Hab in ProGuard exakt die rt.jar eingestellt die ich angeschaut hatte. Fehler kommt trotzdem. Hab aber noch jemanden mit dem gleichen ungelösten Problem gefunden:

http://www.java-forum.org/allgemeines/49577-proguard-brauche-hilfe.html

- Alex


----------



## Ebenius (5. Mrz 2009)

Ich kenne das Tool nicht. Daher kann ich Dir nicht weiter helfen. Aber Du kannst davon ausgehen, dass das Problem in irgendeiner Weise mit einer falschen oder zwei unterschiedlichen JRE-Versionen zu tun hat.

Wer weiß mehr?

Ebenius


----------



## tuxedo (5. Mrz 2009)

Naja, hier nochmal der komplette Konsolenoutput:



> ProGuard, version 4.3
> Reading program jar [I:\AV_EXCLUDE\Java\NetBeansProjects\CommunityConnector\dist\CommunityConnector.jar]
> Reading library jar [I:\AV_EXCLUDE\Java\NetBeansProjects\CommunityConnector\dist\lib\appframework-1.0.3.jar]
> Reading library jar [I:\AV_EXCLUDE\Java\NetBeansProjects\CommunityConnector\dist\lib\swing-worker-1.1.jar]
> ...



Wie man sehen kann wird eine rt.jar aus dem JDK Verzeichnis geladen. Und darin ist die Klasse definitiv enthalten. Hab auch in sonst keiner Einstellung eine Möglichkeit gefunden nochmal eine andere JRE/JDK anzugeben. 

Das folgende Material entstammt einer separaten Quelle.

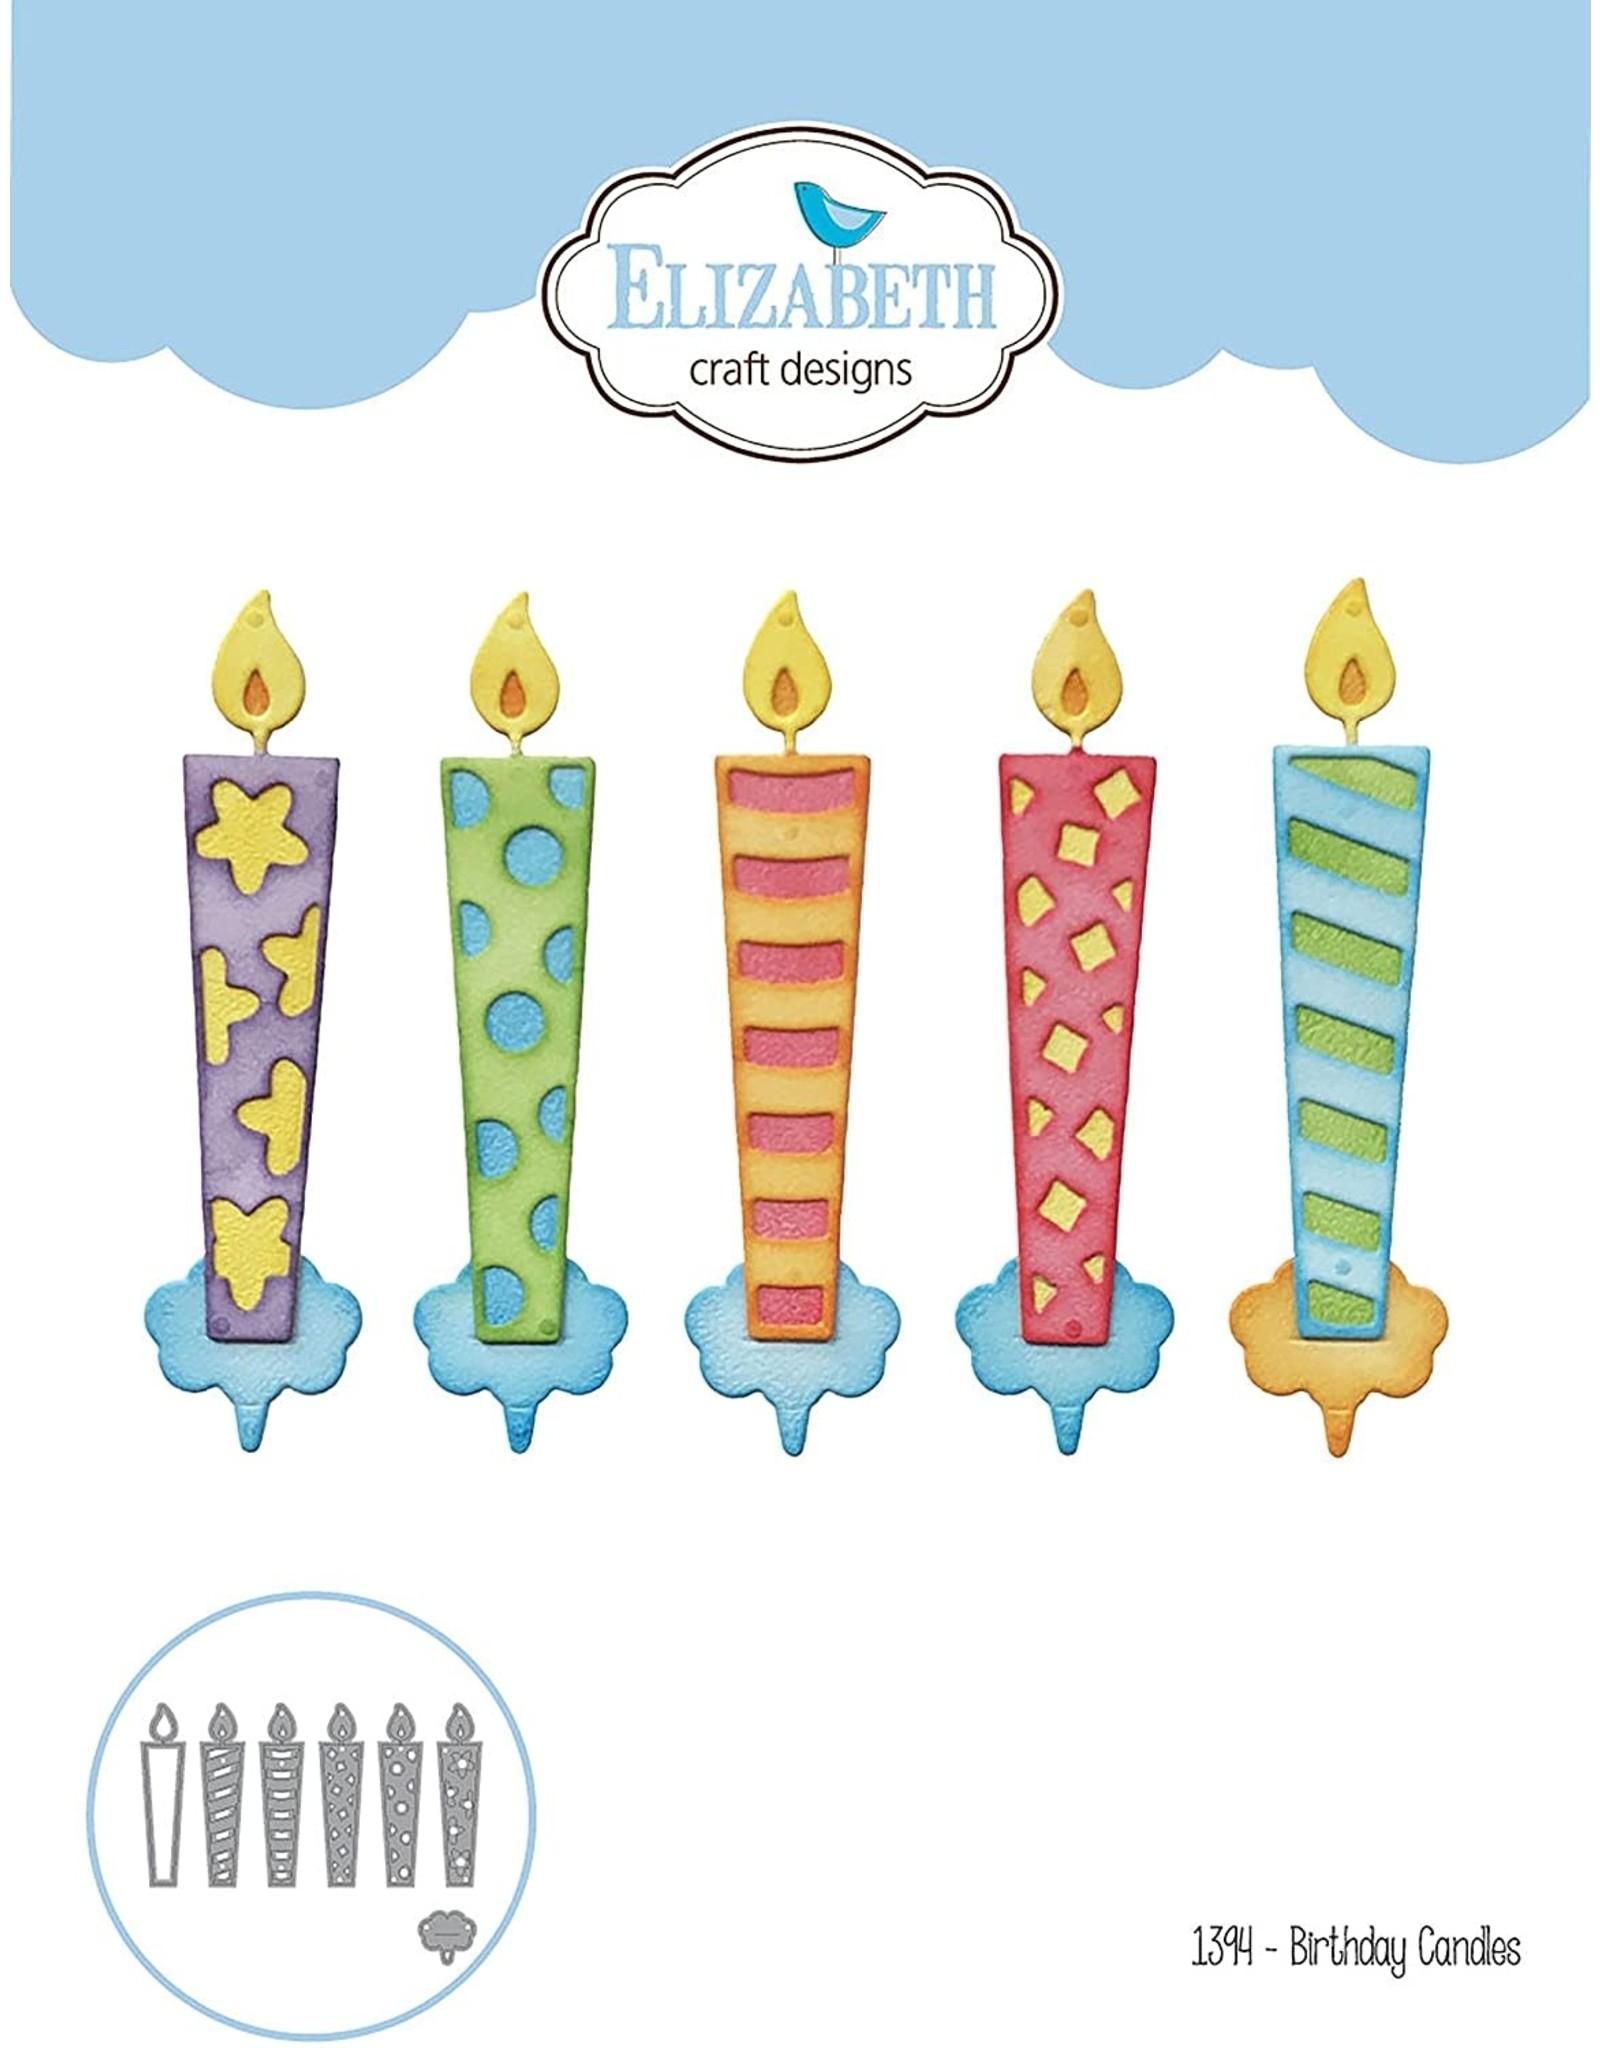 Elizabeth Craft Designs Birthday Candles - Die

Wenn ich eine rt.jar aus einer JRE5.0_u14 nehme, dann krieg ich noch mehr Fehler bzgl. javax.swing.GroupLayout. Demnach sollte man davon ausgehen können dass er tatsächlich die rt.jar nimmt die man einstellt.


- Alex


----------



## Ebenius (5. Mrz 2009)

Nur weil es schon da steht: Was passiert denn, wenn diese Option angegeben ist: "-dontskipnonpubliclibraryclasses"?

Ebenius


----------



## tuxedo (5. Mrz 2009)

Hmm, dann läufts in der Tat durch. Mal schauen ob die Anwendung dann auch noch funktioniert.

- Alex


----------



## Ebenius (5. Mrz 2009)

Wer lesen kann...


----------



## tuxedo (5. Mrz 2009)

Wie immer halt  Danke für den augenöffnenden Tipp.

- Alex


----------



## guidomarcel (7. Mrz 2009)

Nur weil es schon da steht: Was passiert denn, wenn diese Option angegeben ist: "-dontskipnonpubliclibraryclasses"?

DANKE!


----------



## tuxedo (11. Mrz 2009)

guidomarcel hat gesagt.:
			
		

> Nur weil es schon da steht: Was passiert denn, wenn diese Option angegeben ist: "-dontskipnonpubliclibraryclasses"?





tuxedo hat gesagt.:


> Hmm, dann läufts in der Tat durch. Mal schauen ob die Anwendung dann auch noch funktioniert.



Gruß
Alex


----------